# Belt Tension Switch in Cover Question



## nathangunn28 (Jul 27, 2010)

I blew my belt on the weekend into shreds but instead of knocking the switch to the off positon it bent the little pin that comes off the bottom of the toggle switch horizontaly and it got pinned against the housing when I went to straighten it it snapped. Does this pin serve any other purpose other than giving the belt a larger object to hit when it becomes slack? if that's all it does then I am not worried about running it this way.

Second I put my spare belt on and there is no whining or rubbing sounds at idle in neutral or when driving but when I am in neutral and I get it revving about 1/2 throttle or more an dlet go right before it gets back down to normal idle I hear a noise from the belt cover that almost sounds like the engine brake but a very unsmooth engage almost like rubbing/minor grind vibrationwhat might be causing this does that have to do with the broken pin? It is definatly not a belt squeeling

thanks


----------



## Polaris425 (Dec 16, 2004)

I think there's actually way to disable or bypass that switch.


----------



## NMKawierider (Apr 11, 2009)

nathangunn28 said:


> I blew my belt on the weekend into shreds but instead of knocking the switch to the off positon it bent the little pin that comes off the bottom of the toggle switch horizontaly and it got pinned against the housing when I went to straighten it it snapped. Does this pin serve any other purpose other than giving the belt a larger object to hit when it becomes slack? if that's all it does then I am not worried about running it this way.
> 
> Second I put my spare belt on and there is no whining or rubbing sounds at idle in neutral or when driving but when I am in neutral and I get it revving about 1/2 throttle or more an dlet go right before it gets back down to normal idle I hear a noise from the belt cover that almost sounds like the engine brake but a very unsmooth engage almost like rubbing/minor grind vibrationwhat might be causing this does that have to do with the broken pin? It is definatly not a belt squeeling
> 
> thanks


As long as the switch isn't damaged and it can stay to the ON position don't sweat it.

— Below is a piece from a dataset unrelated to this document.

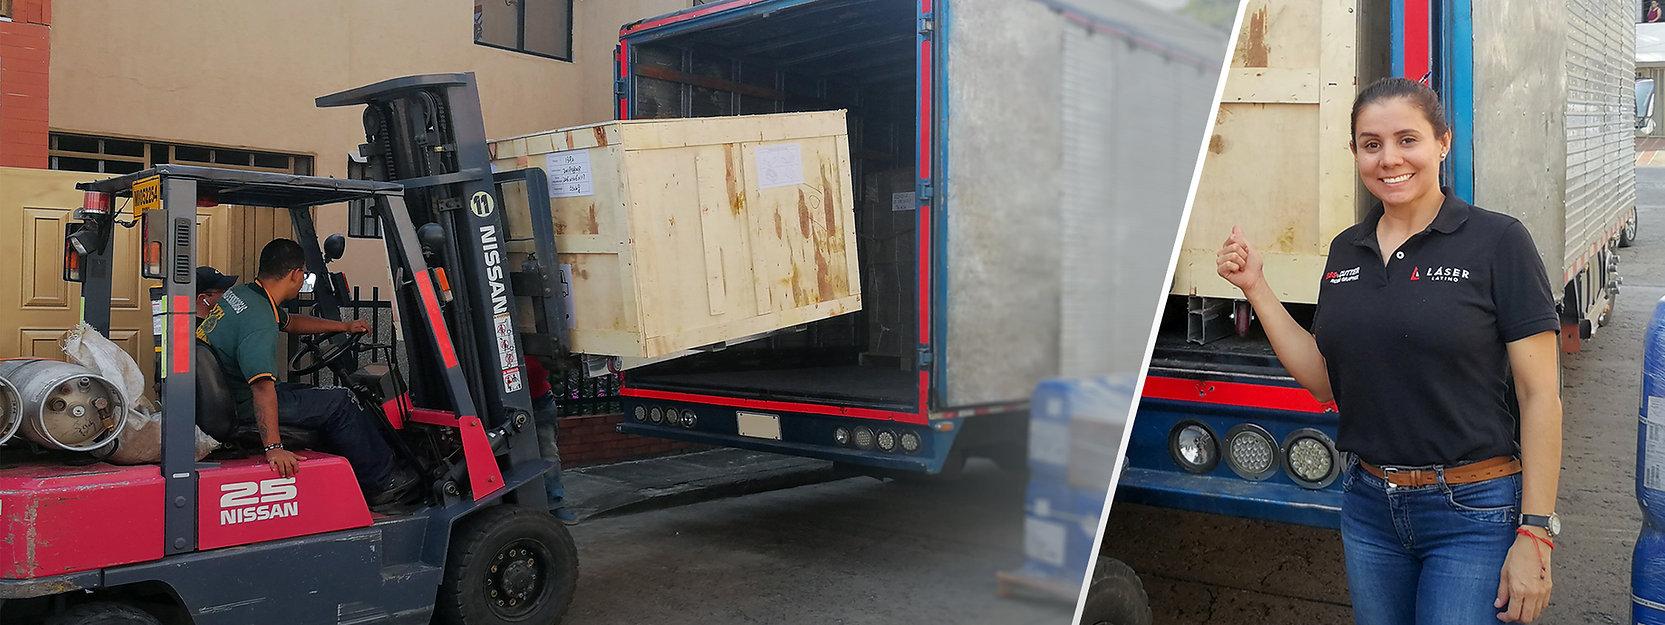 Entrega inmediata disponibilidad en stock de máquinas equipos corte y grabado láser CO2 Fibra Impresoras UV despacho logística en Cali medellin bogota colombia latinoamerica suramerica

When the clutches need servicing the flyweight bushings start to sieze on the pins and the pins do the same to the housing. On decal you will her what kinda sounds like a dry bearing-sound and on take-off there will be additional stall and not smooth operation. There is also a funky squeel sound when the belt's deflection is over 27MM on decal. Sound familiar?


----------



## 2010Bruterider (Jun 20, 2010)

You're right about the horizontal pin. You can run it like it is. 
The noise you hear with the old belt is most likely the belt slapping the cover. When the primary disengages, the belt drops to the bottom of the sheaves and if there is enough slack in the belt, it will trip that belt switch. You probably need to tighten up the secondary. Check you belt deflection. I'm thinking it is on the loose side.


----------



## nathangunn28 (Jul 27, 2010)

NMK the dry bearing sound is best way of describing it my question what do you mean by clutch needs serviceing?

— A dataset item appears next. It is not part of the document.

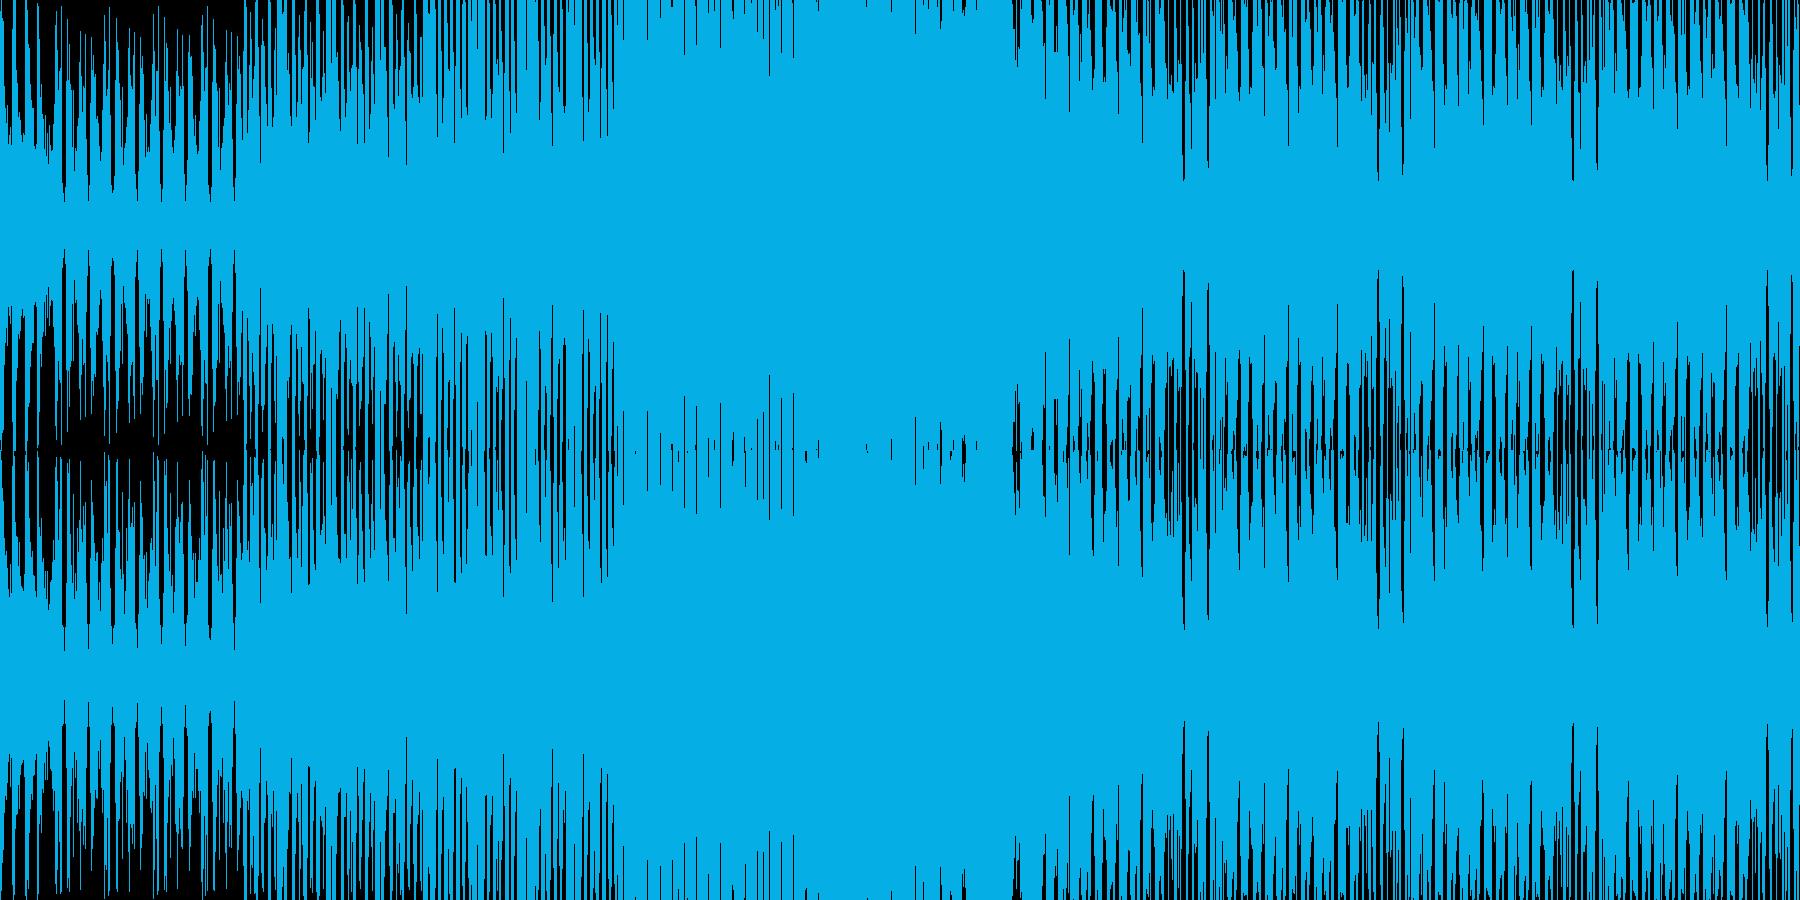 【可愛くてポップなダンスミュージック】の再生済みの波形

"When the clutches need servicing the flyweight bushings start to sieze on the pins and the pins do the same to the housing. On decal you will her what kinda sounds like a dry bearing-sound and on take-off there will be additional stall and not smooth operation"

as I do not notice any extra stall out of the ordinary minor from the clutch springs I have in there. Is there something else I should be changing/greasing/checking to try and cure the grinding noise ?

and this sound only happens when it is in neutral and I am just revving it up beyond half throttle for a second then letting it come back down and right before it hits normal idle it has that sound but does not do it when I am in gear and moving.

Would over tightening the primary cause this in any way or would that only cause the belt to wear more due to misalignment

Thanks for the input / help


----------



## NMKawierider (Apr 11, 2009)

nathangunn28 said:


> NMK the dry bearing sound is best way of describing it my question what do you mean by clutch needs serviceing?


Just means it time to pull the clutches, pull the flywaights, clean up the pins, holes and bushing and clean up the shieve surfaces and blow all the belt dust out of...everywhere. NO lube on any primary part. Leave them dry or use a touch or high grade graphite. The secondary gets cleaned up as well and its dogs get re-lubed. Check and set deflection while there. 22-24mm is preferred.


----------



## nathangunn28 (Jul 27, 2010)

Okay perfect and thanks a lot I was under the impression that grease/lube was a NO NO inside the clutch housing in case any got thrown off and got on the shieve's


----------



## rmax (Nov 21, 2009)

you can disable the switch by jumping or spliceing the 2 wires together,switch is a normanly closed, when it trips the conection is broken causeing open circuit an limp mode


----------